Low-income patients improve less with the first specialist mental health treatment compared with those with higher incomes, according to a study by researchers from Erasmus MC and Erasmus School of Economics. This indicates that inequality by income persists throughout the treatment process.
A study, published in The Lancet Psychiatry, reveals that compared with high-income patients, low-income patients have higher disease severity at the start of specialist mental health treatment. They are also less likely to experience improvement, even when accounting for the differences in diagnosis and initial severity of mental disorders. Of patients in the highest income group, 43 percent show measurable improvement after the initial course of treatment, compared with 26 percent among patients in the lowest income group.
Francisca Vargas Lopes
The study was led by PhD candidate Francisca Vargas Lopes, who is affiliated with the Erasmus MC and the Erasmus Centre for Health Economics Rotterdam (EScHER), and part of Erasmus Initiative Smarter Choices for Better Health.
Data on all 950,000 patients
Together with applied economists of Erasmus School of Economics Prof. Tom van Ourti, Dr Bastian Ravesteijn and Dr Carlos Riumallo-Herl, Francisca analysed data on all 950,000 patients who started treatment in Dutch specialist mental health care between 2011 and 2016, linked to data from tax records on income.
The findings from the study
The study also demonstrates that patients with incomes in the bottom fifth of the Dutch population receive slightly less fewer treatment minutes than patients with comparable diagnosis and disease severity in the rest of the income distribution. Finally, low-income patients are more likely to receive additional treatment after finishing the initial one, but the differences to high-income patients are small.

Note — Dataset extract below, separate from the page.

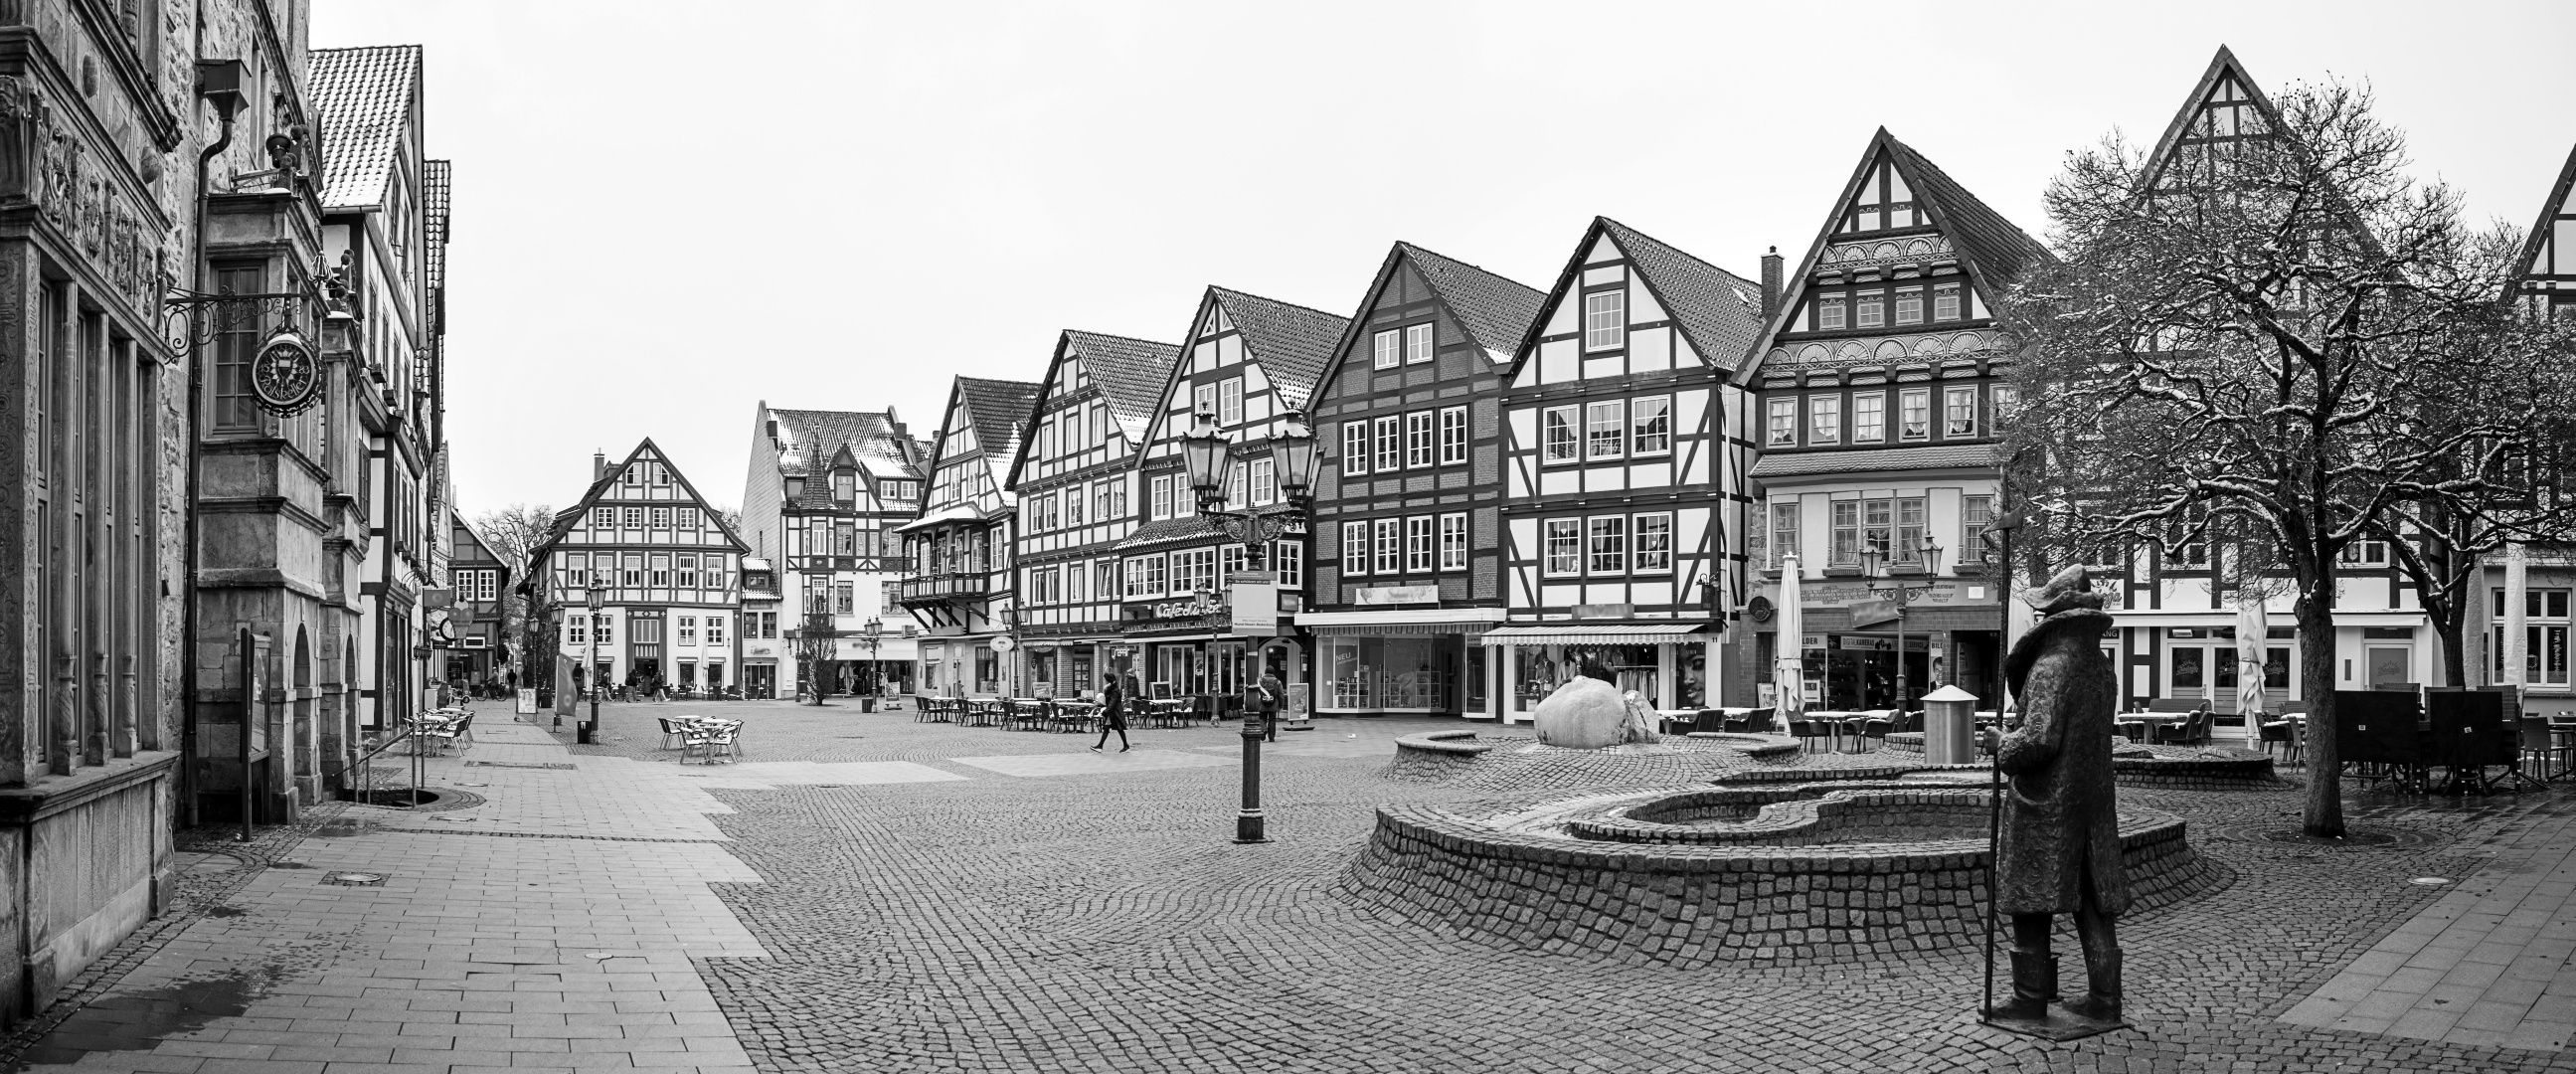 Marktplatz Rinteln

The findings indicate that policy concerns about differences in mental health by income should not be limited to ensuring access to care, say the researchers. ‘We already knew that most countries have inequalities in access to mental health care, but now we demonstrate for the first time that differences related to income persists during treatment, even when we account for differences in diagnosis and initial disease severity. Policies that solely focus on reducing barriers to access will not address these disparities during treatment. This is a discussion we want to initiate’, says Vargas Lopes.

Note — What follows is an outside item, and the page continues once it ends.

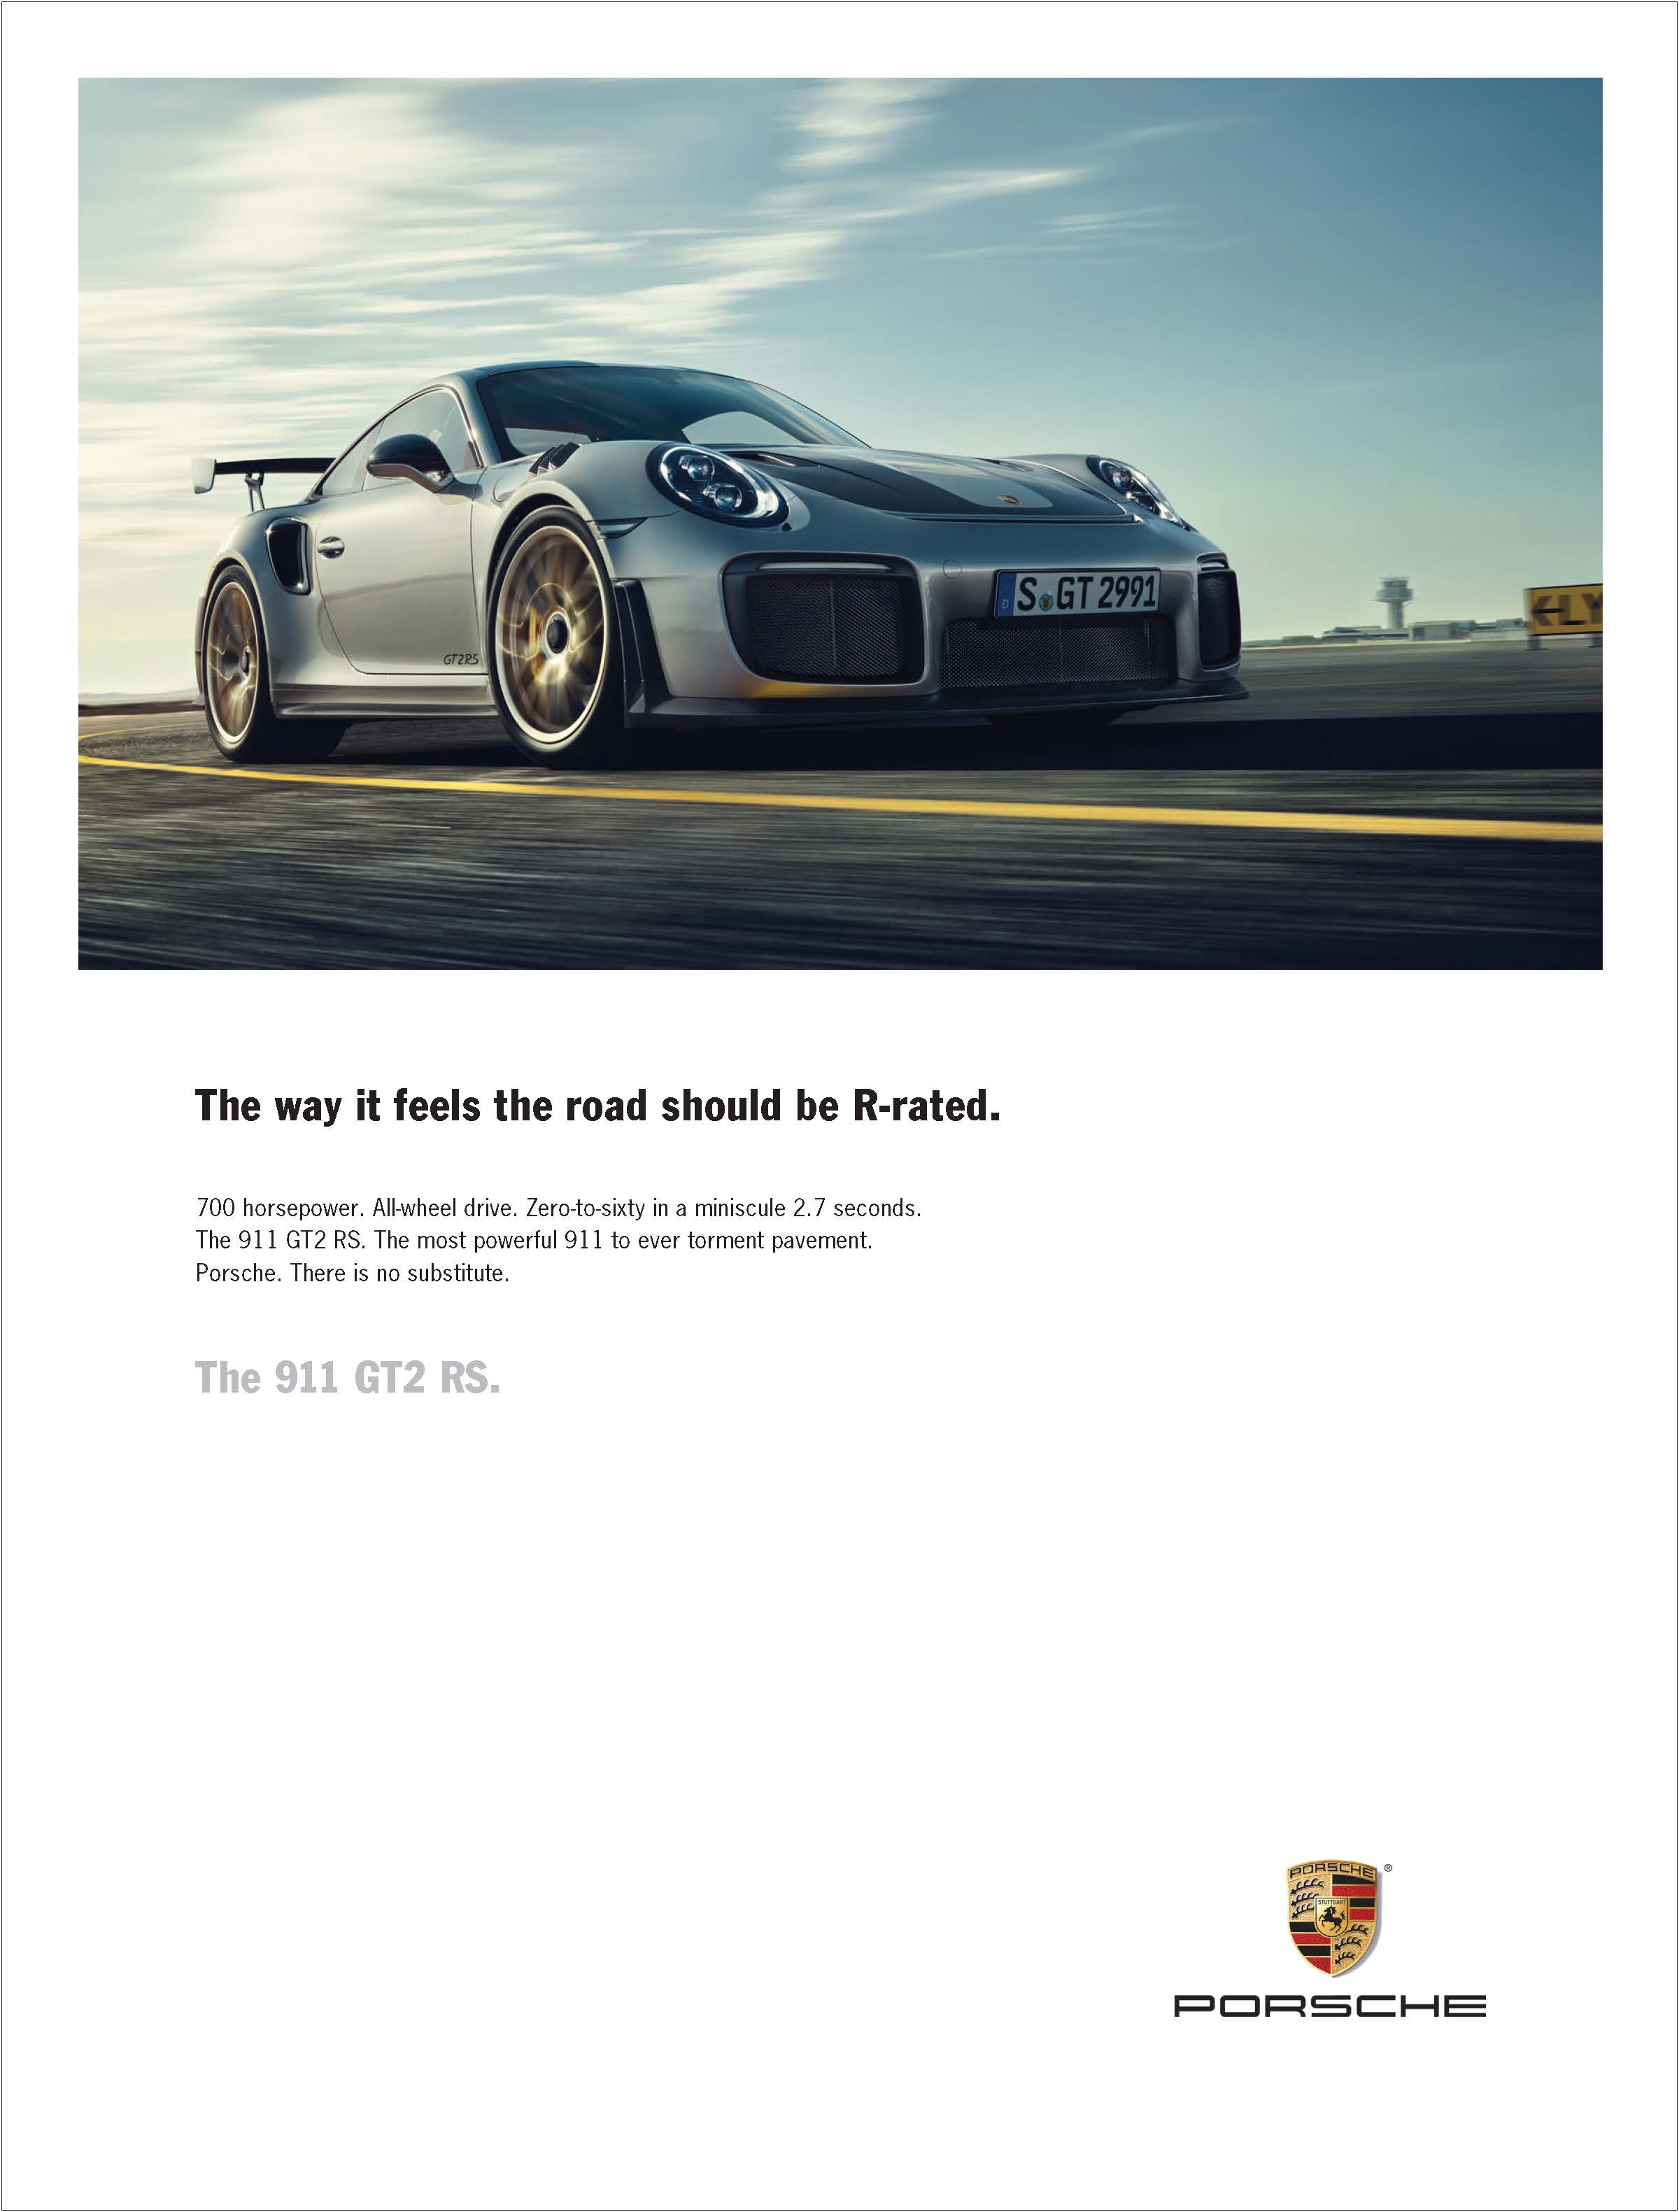 Porsche_OldCI_JD_02.21.19_Page_18.jpg

The causes of the differences by income
Based on this study, Francisca Vargas Lopes cannot determine the causes of the differences by income. ‘It is likely related to the interaction between the patient, the social environment and the mental health care system. One can suppose that low-income individuals may be less likely to adhere to treatment, have a less favourable home environment for recovery or may be less likely to advocate for the appropriate kind and intensity of care. There may also be more often a mismatch between the mental healthcare professional and patients in certain vulnerable groups with low income, which hampers the results of the treatment.’
Vargas Lopes stresses that these are just hypotheses that should be investigated further. She hopes that the study will increase awareness around differential mental health treatment and outcomes, and motivate additional research. Her recommendation is that future research should also collect qualitative data, for example on interviews with patients and healthcare providers, to identify possible causes behind the differences along the treatment trajectory. ‘
With this additional information we would be able to make recommendations for policymakers and practitioners on how to maximize the role of treatment in closing the mental health gap between the rich and poor.’